When I was 14 I wanted to be a hairdresser or a nurse, because my mother was an auxiliary midwife. My parents couldn’t afford for me to have an apprenticeship, because those days you had to pay. I was the eldest one of the family, so my mother took me up to Hinde and Hardy Silk Works at Eversley Road, Mile Cross. I worked there until I was 21 and then I packed it in because I didn’t like it.
I got married at 21 and my husband was already in the Army. I got a job at Jarrolds printing works for the War years. My husband came home from the Army and after I gave birth to my eldest son I didn’t go to work, I didn’t go back to work until he was four.
I went to work at the City of Norwich Laundry down Oak Street until my second son was born. I went back to the laundry when he was two and I stayed there for 10 years. The name was Spring Grove when I finished up. I returned because I loved the laundry work and I finished up as supervisor for 13 staff. The laundry was sold several years ago and a family company took over but they didn’t make it and that’s all pulled down now.
When I started there in 1949-50 that was all domestic. Then when I returned it was industrial, we had a big American contract for their domestic stuff- sheets and things like that. Then after the Americans returned to their country the laundry went completely industrial, overalls, nurses’ equipment, things like that, no pillowcases, towels or anything like that.
We worked 8am to 5.30pm. In the summer when we had all the heavy American work to do they employed the students who were off school, and they done a six till ten shift. Sometimes I used to do that when there was no one else, ‘cos someone had to be there to supervise. But by then my family were grown up. So sometimes I’d do eight to five, then I’d go back at six and do six till ten.
We’d got overalls to wear. The men had overalls and we had different colours – the supervisors had blue and the others had, I think it was pink. But there was no distinction. We didn’t say, ‘Oh I’m the supervisor, get on wi’ your job’. We were all friends, and that’s how it should be.

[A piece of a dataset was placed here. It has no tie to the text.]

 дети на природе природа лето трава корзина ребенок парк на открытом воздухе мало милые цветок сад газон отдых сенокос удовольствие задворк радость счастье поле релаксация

I can’t remember how much I earned, I suppose under five pounds a week plus overtime. That was a lot of money in that day. But nowadays if you told the children what you done they won’t believe it.

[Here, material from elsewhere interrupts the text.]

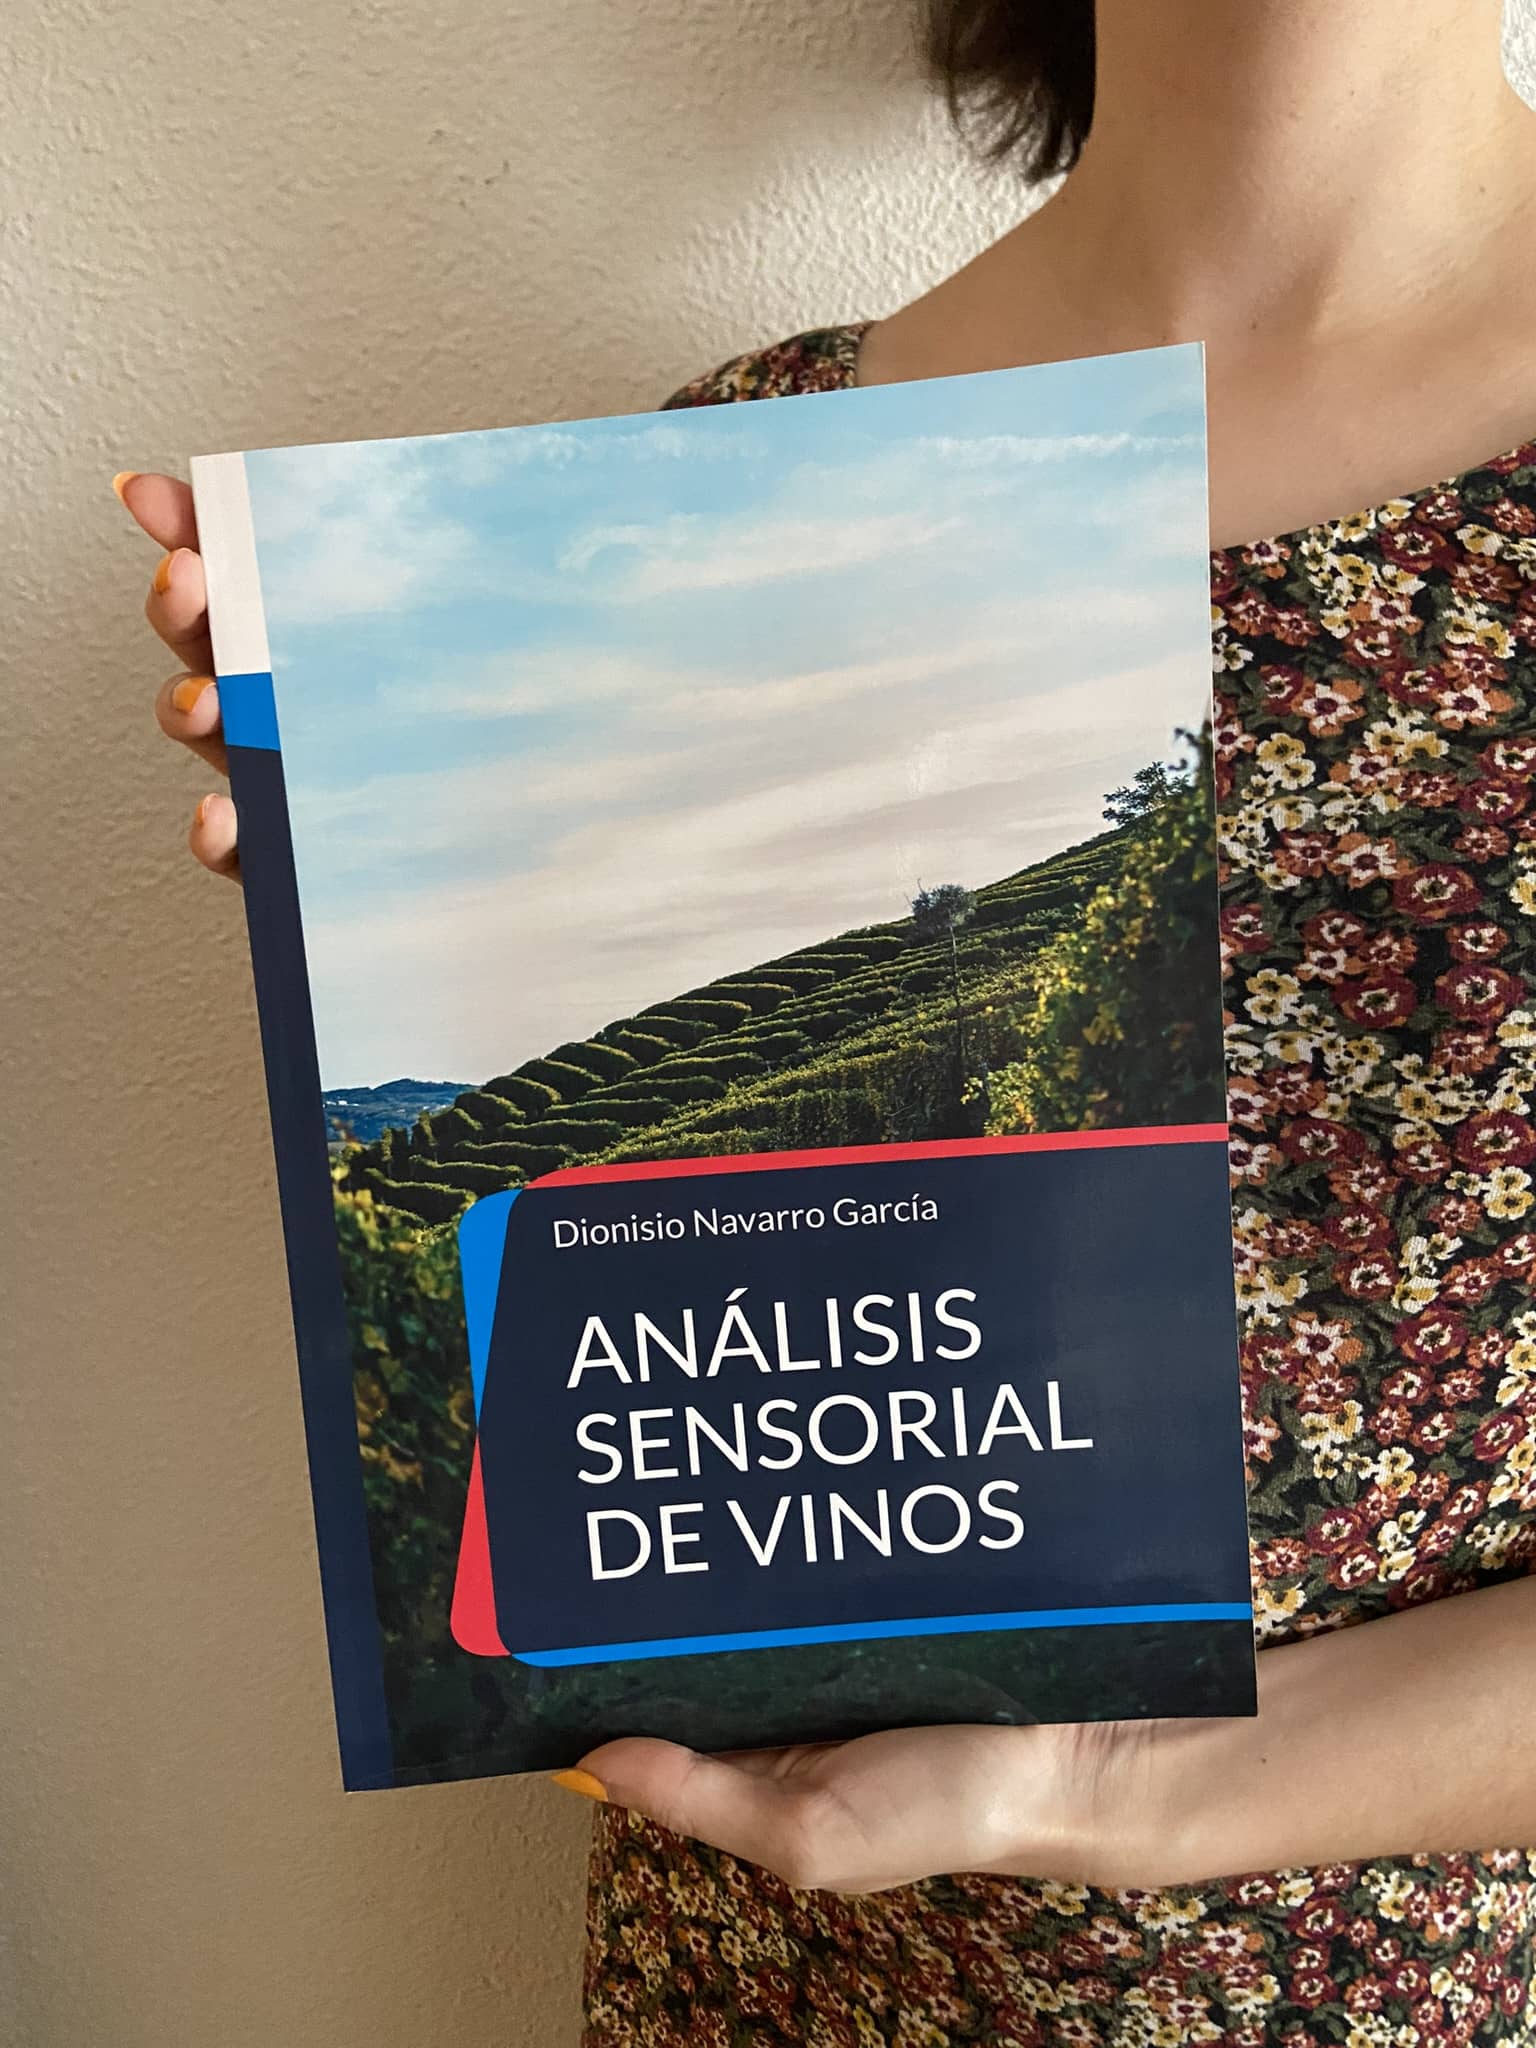 Reseña de “Análisis sensorial de vinos”, de Dionisio Navarro García | Por Nuria Bellido

I lived in Wingfield Road, you go straight through the park and that’s Wingfield Road – and I just had to walk down to Oak Street. So I could get home in my lunch half-hour, and put the oven on low, prepare tea for tea time.
I enjoyed the work and being a supervisor very much. I was, oh I forgot this, I was 61 and they said that it was the law now and I’d got to leave.
Welcoming language students
I couldn’t settle at home so I applied to the Bell School, to have language students. I had several students to stay, Egyptians, a mature student from Barcelona, who still keeps in touch with me now.
I looked after them. What I wanted to do all my life when I got married……I said what I would love to do was have a bed and breakfast or a house where I could have people to look after, ‘cos that’s what I love doing.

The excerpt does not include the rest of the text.